The full listing, word for word and free of images, is the expected result.

* _Material provided_:
- - - - -

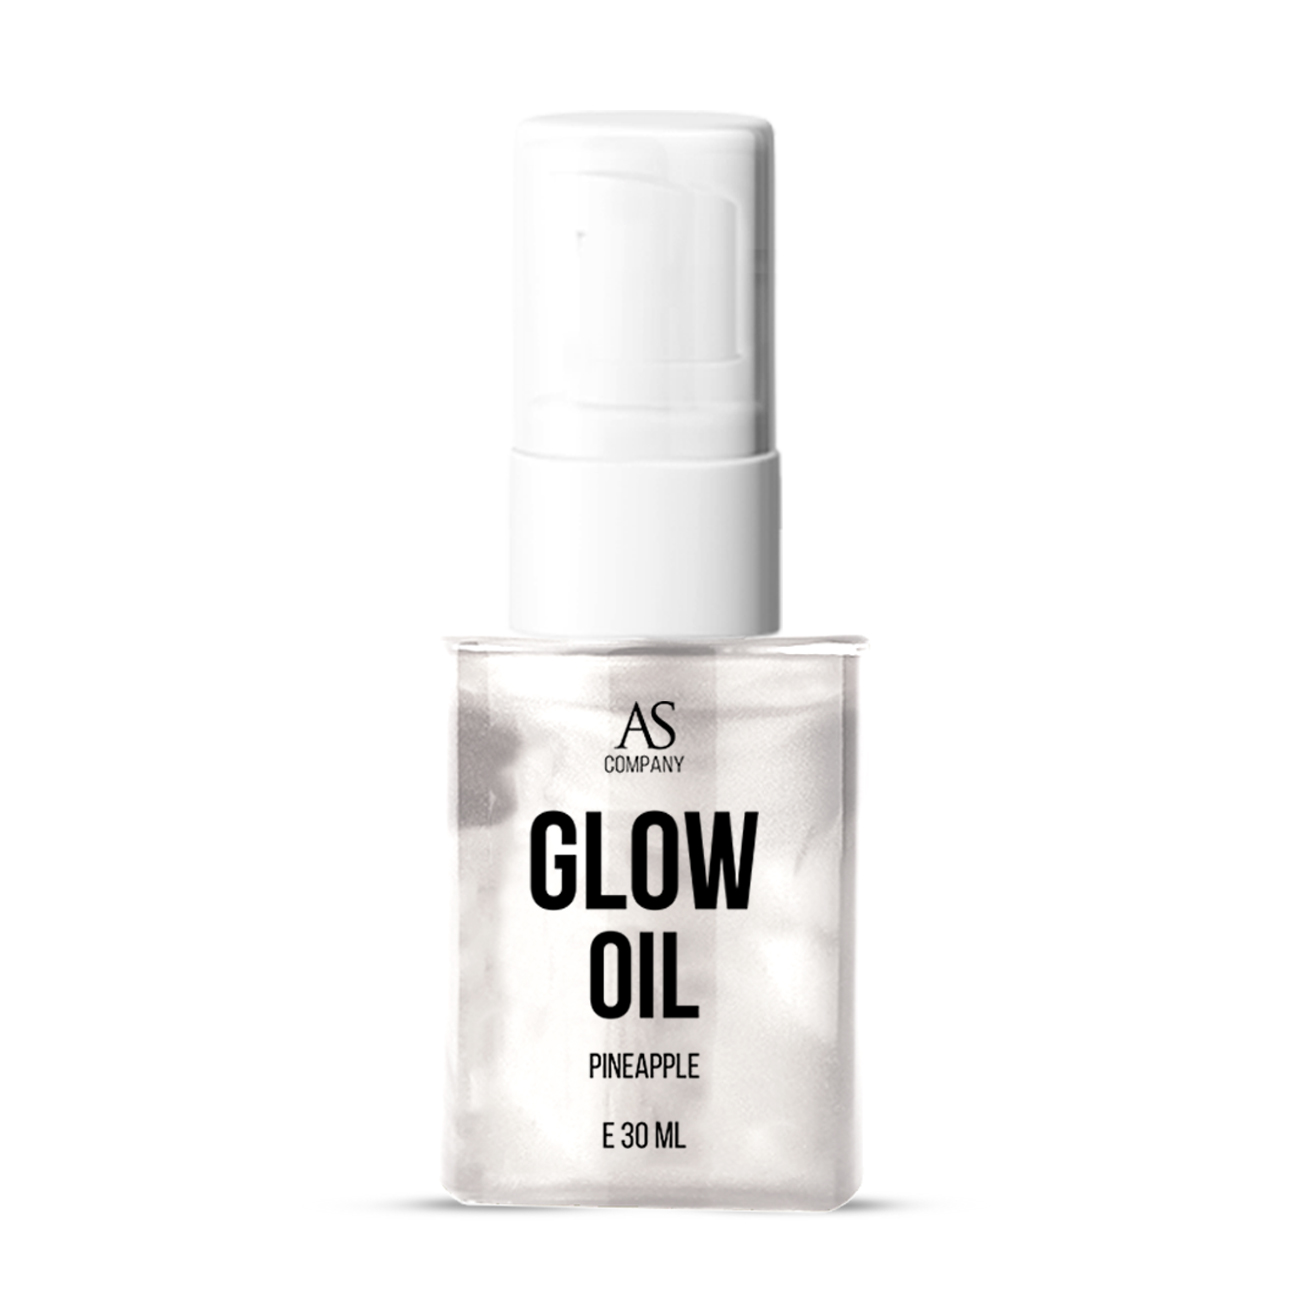 Фото масло AS Company (Алина Шахова) - Glow Oil аромат ананас, 15мл
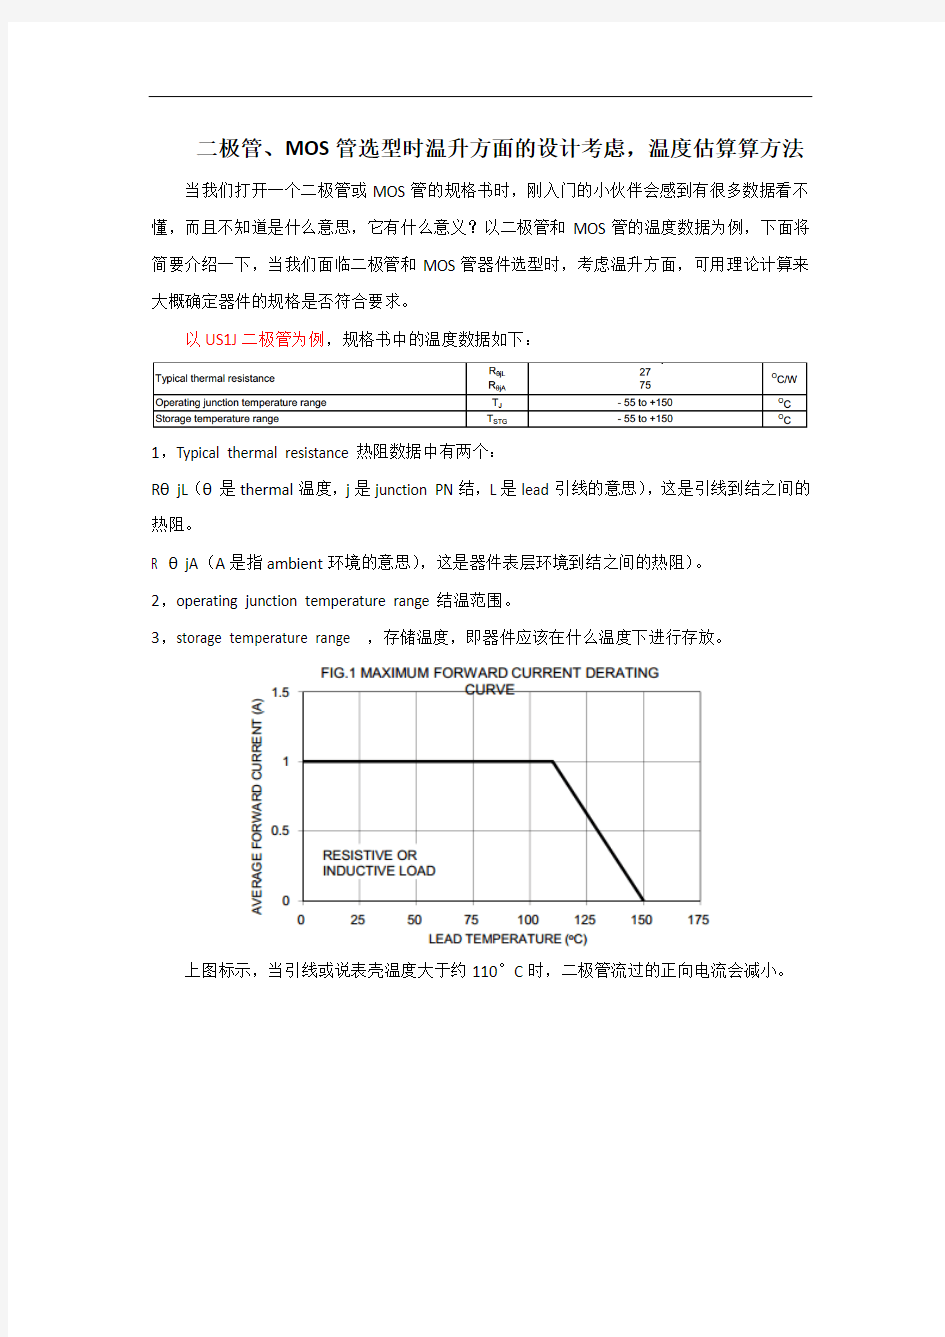 二极管,MOSFET管规格书温度信息的含义
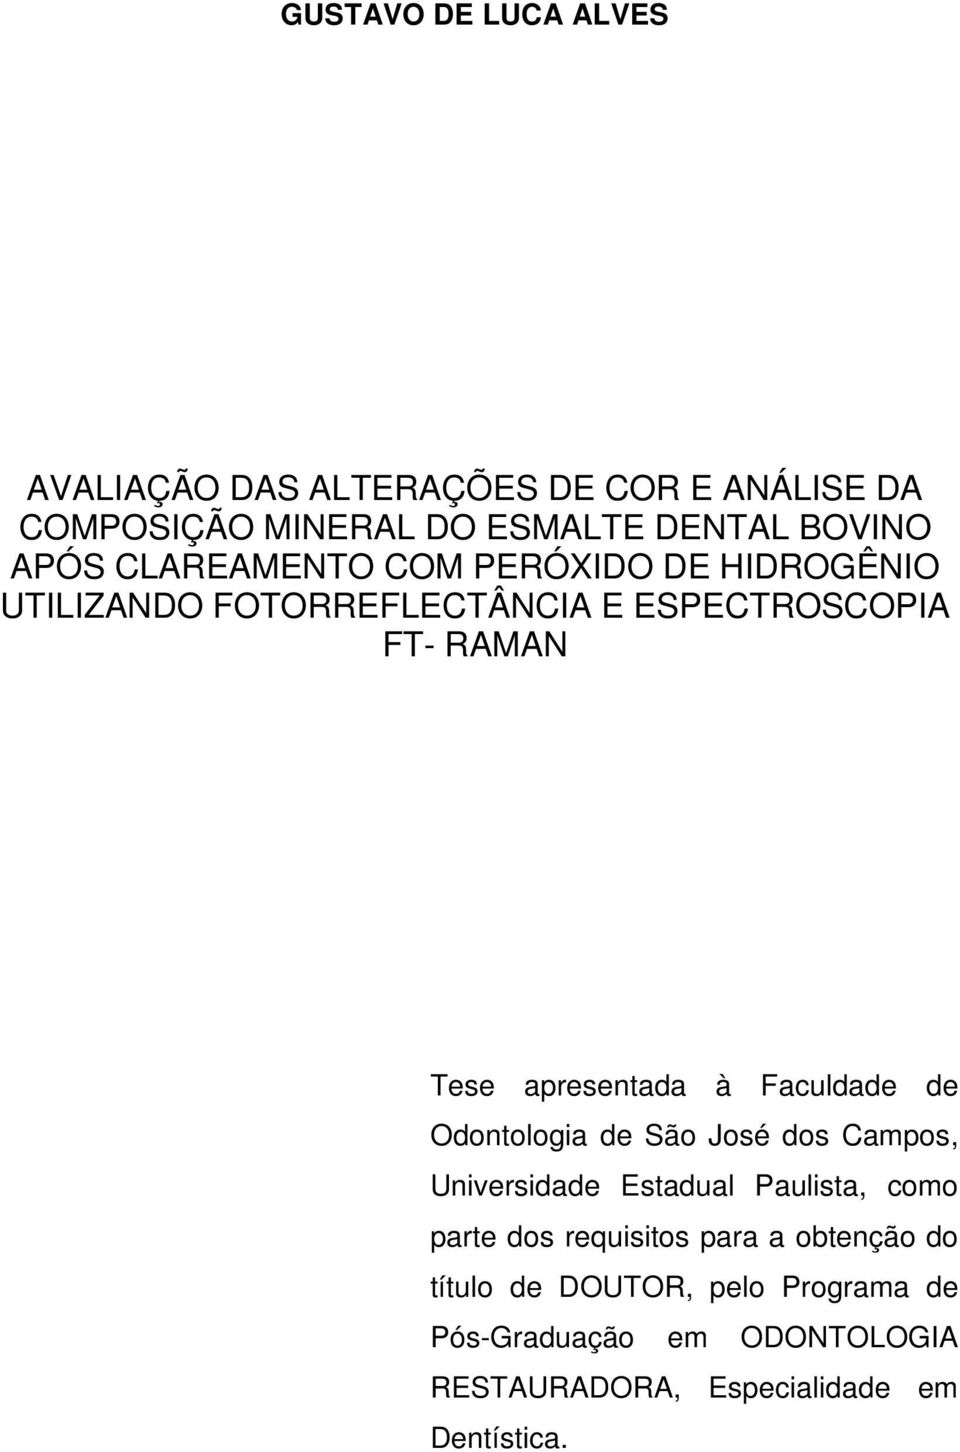 Faculdade de Odontologia de São José dos Campos, Universidade Estadual Paulista, como parte dos requisitos para a

- - - - -

* _Answer to the problem_:
 Фото масло AS Company (Алина Шахова) - Glow Oil аромат ананас, 15мл
 二极管,MOSFET管规格书温度信息的含义
 Faculdade de Odontologia de São José dos Campos, Universidade Estadual Paulista, como parte dos requisitos para a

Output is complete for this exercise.